### Work instructions:
Work through the listing below and give again exactly the lines from the one with "Portrait noir et" to the one with "SNITTA СНИТТА Нож, черный, 22", both ends included. All other lines and all pictures stay out.

### Collected data:
* * * * * * *

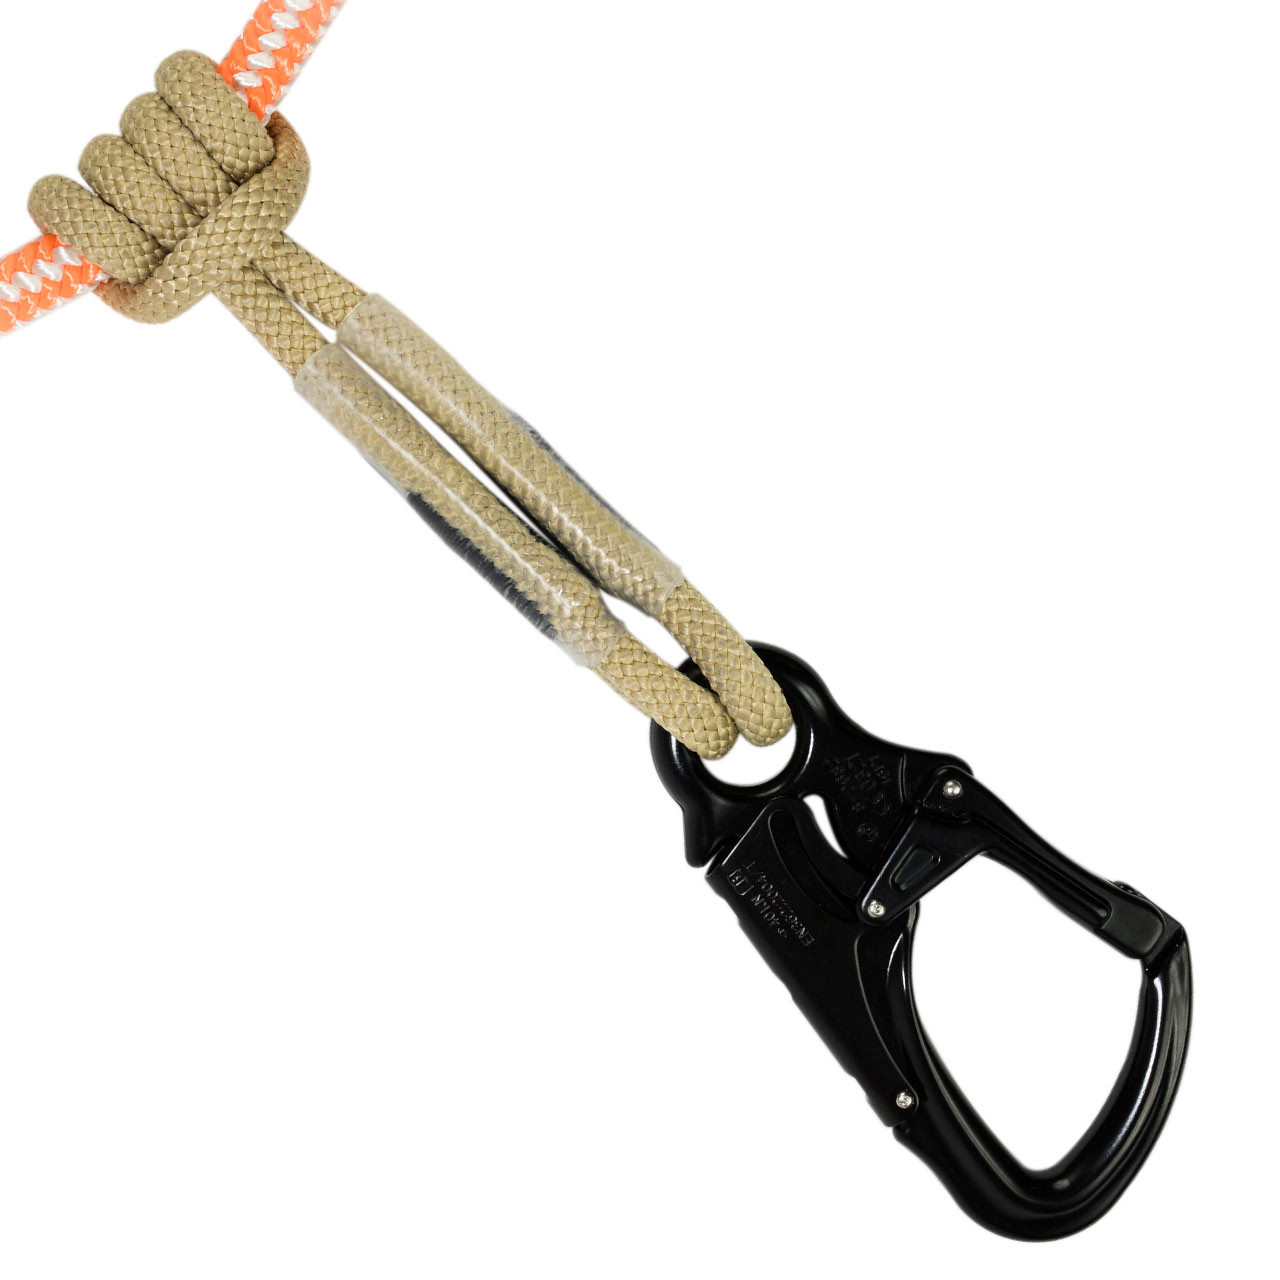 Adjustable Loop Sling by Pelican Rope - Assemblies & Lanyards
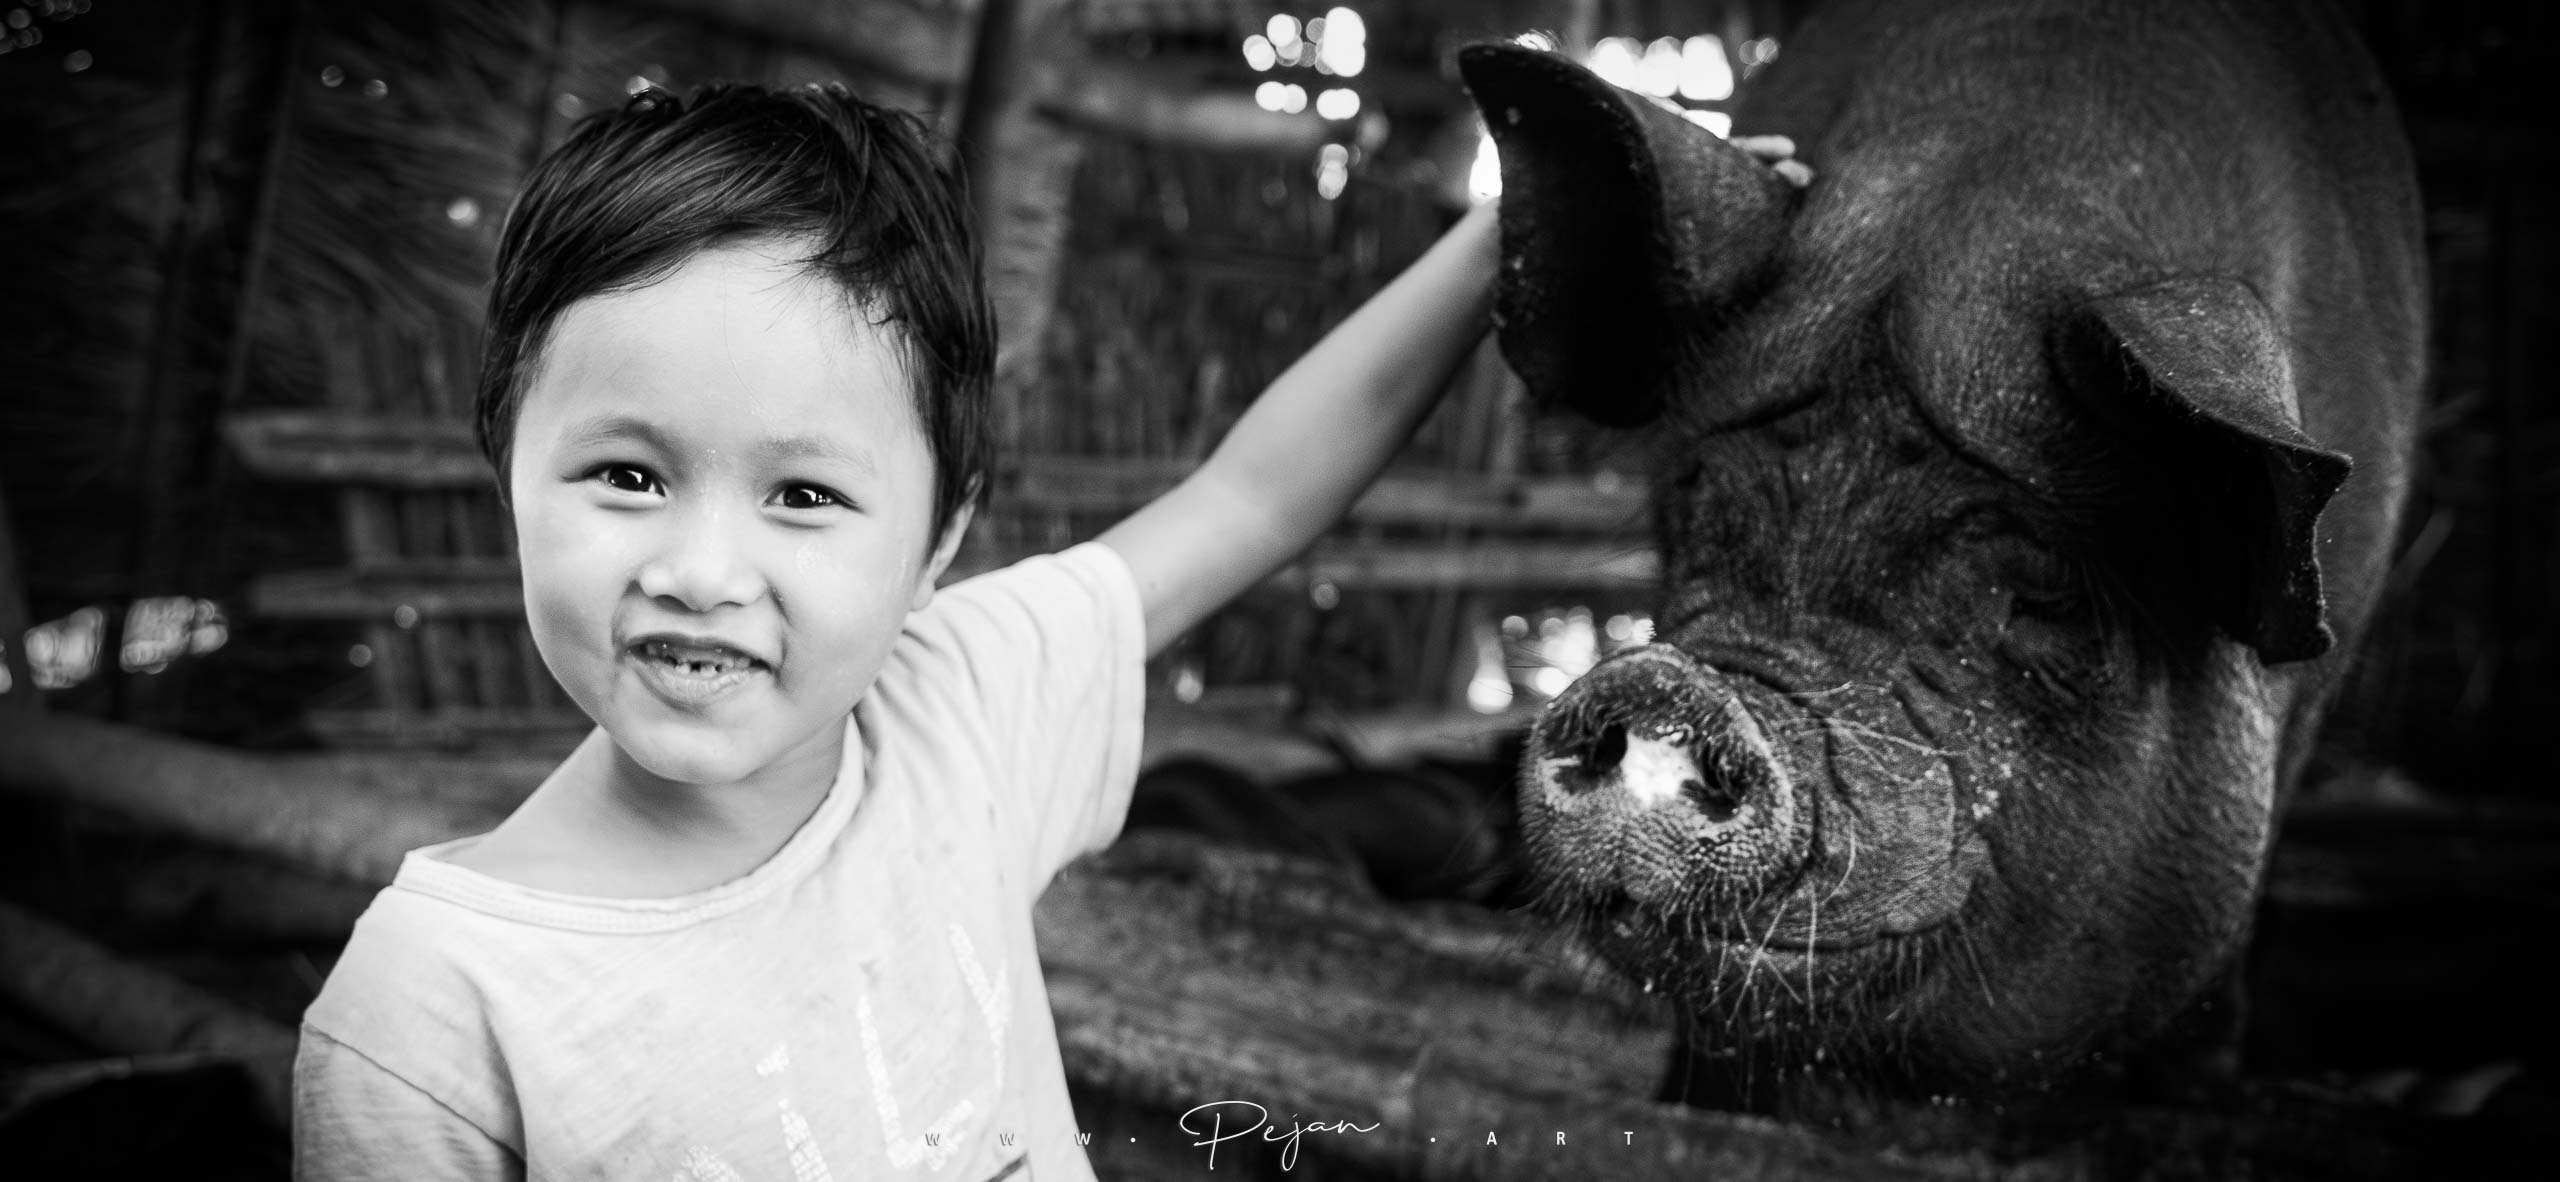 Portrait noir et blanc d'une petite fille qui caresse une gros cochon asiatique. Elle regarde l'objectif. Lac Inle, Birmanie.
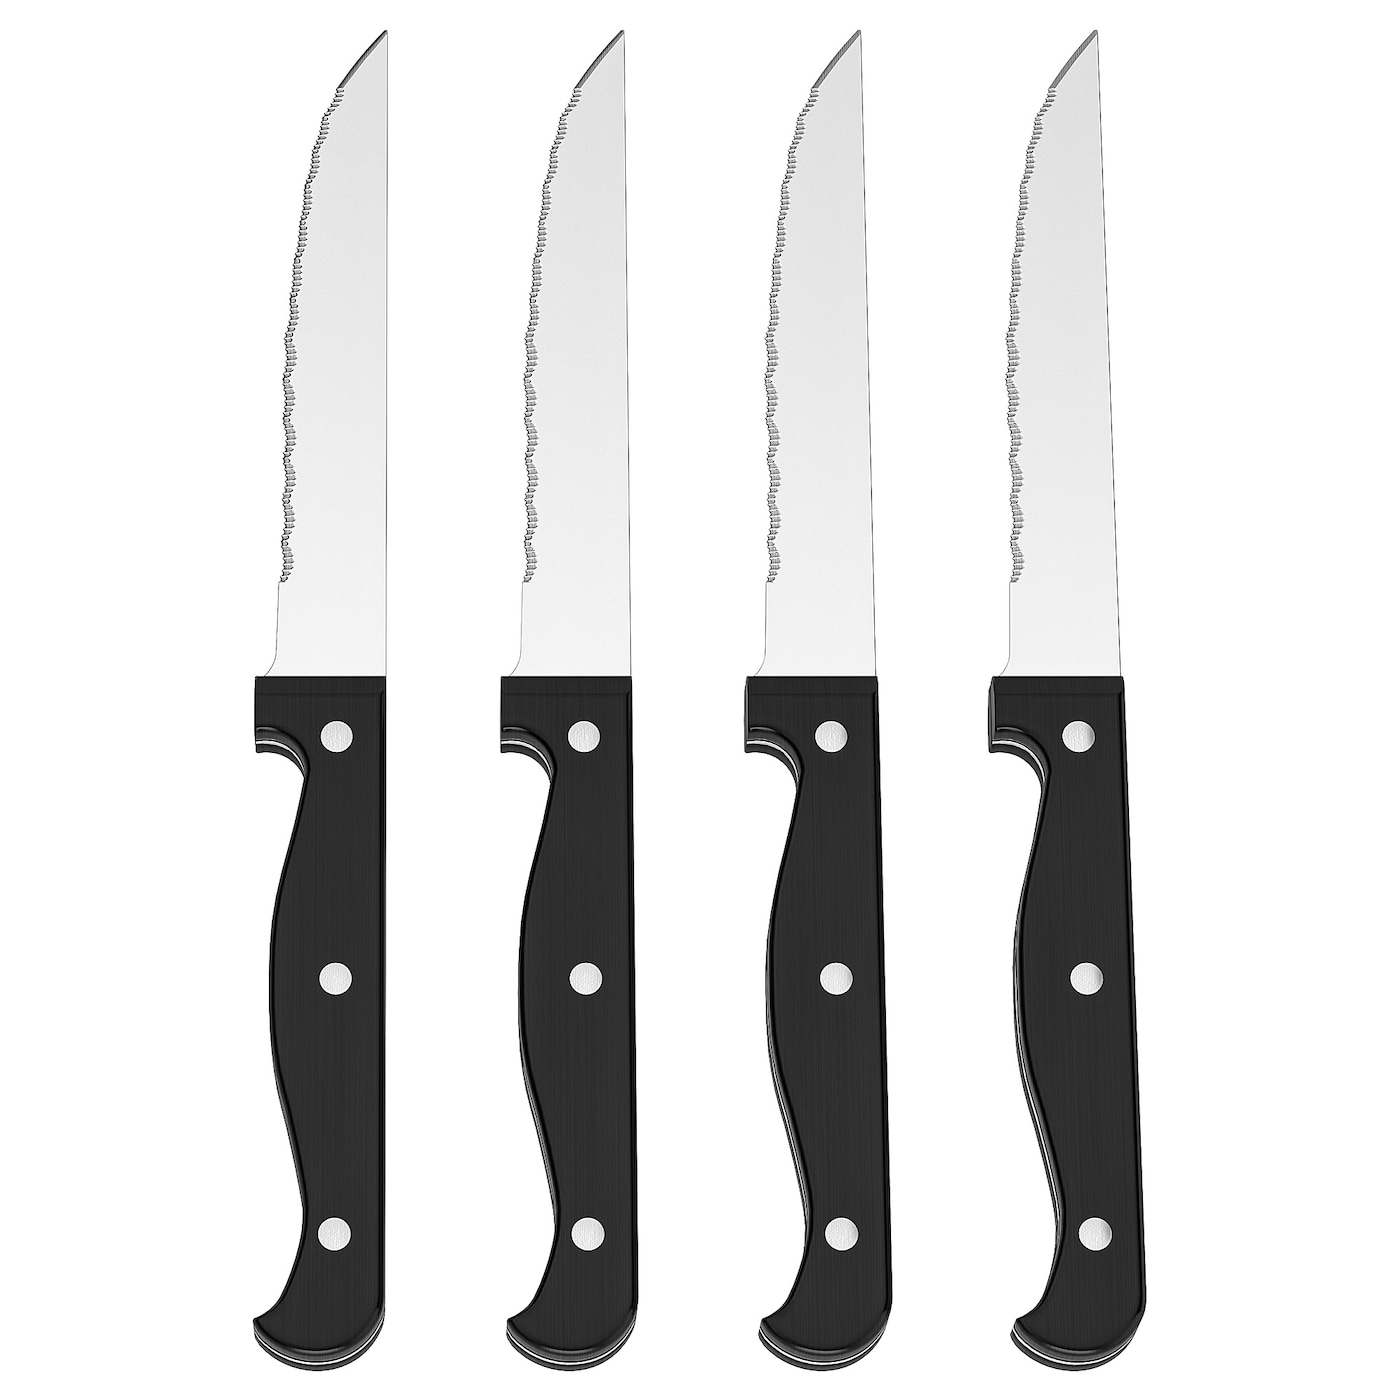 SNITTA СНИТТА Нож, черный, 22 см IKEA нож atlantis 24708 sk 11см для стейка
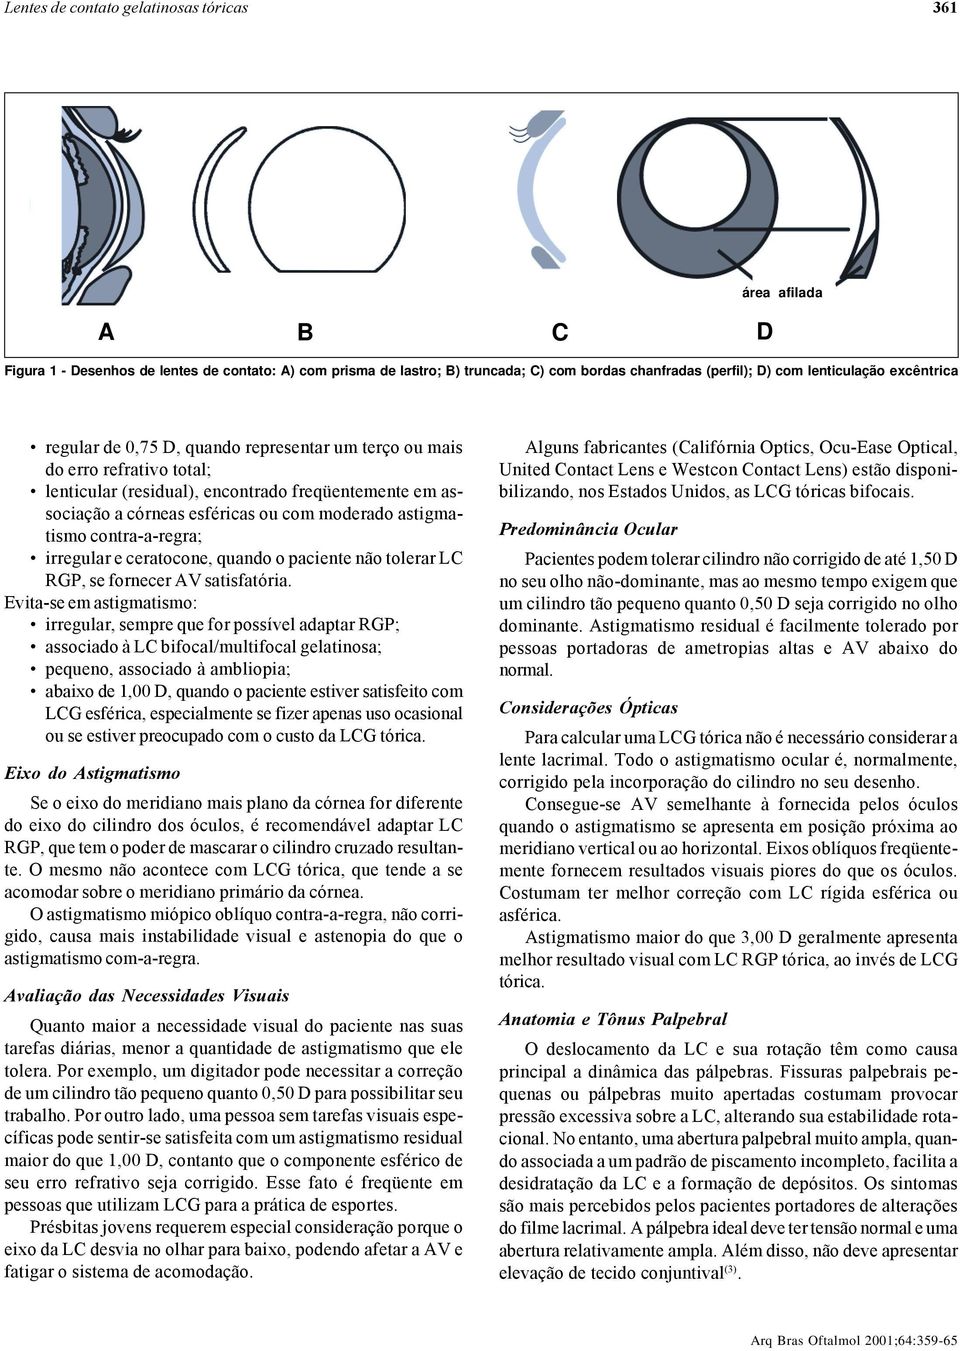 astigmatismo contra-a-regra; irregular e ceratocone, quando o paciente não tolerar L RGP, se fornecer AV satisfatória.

* * * * * * *

### The completed task:
 Portrait noir et blanc d'une petite fille qui caresse une gros cochon asiatique. Elle regarde l'objectif. Lac Inle, Birmanie.
 SNITTA СНИТТА Нож, черный, 22 см IKEA нож atlantis 24708 sk 11см для стейка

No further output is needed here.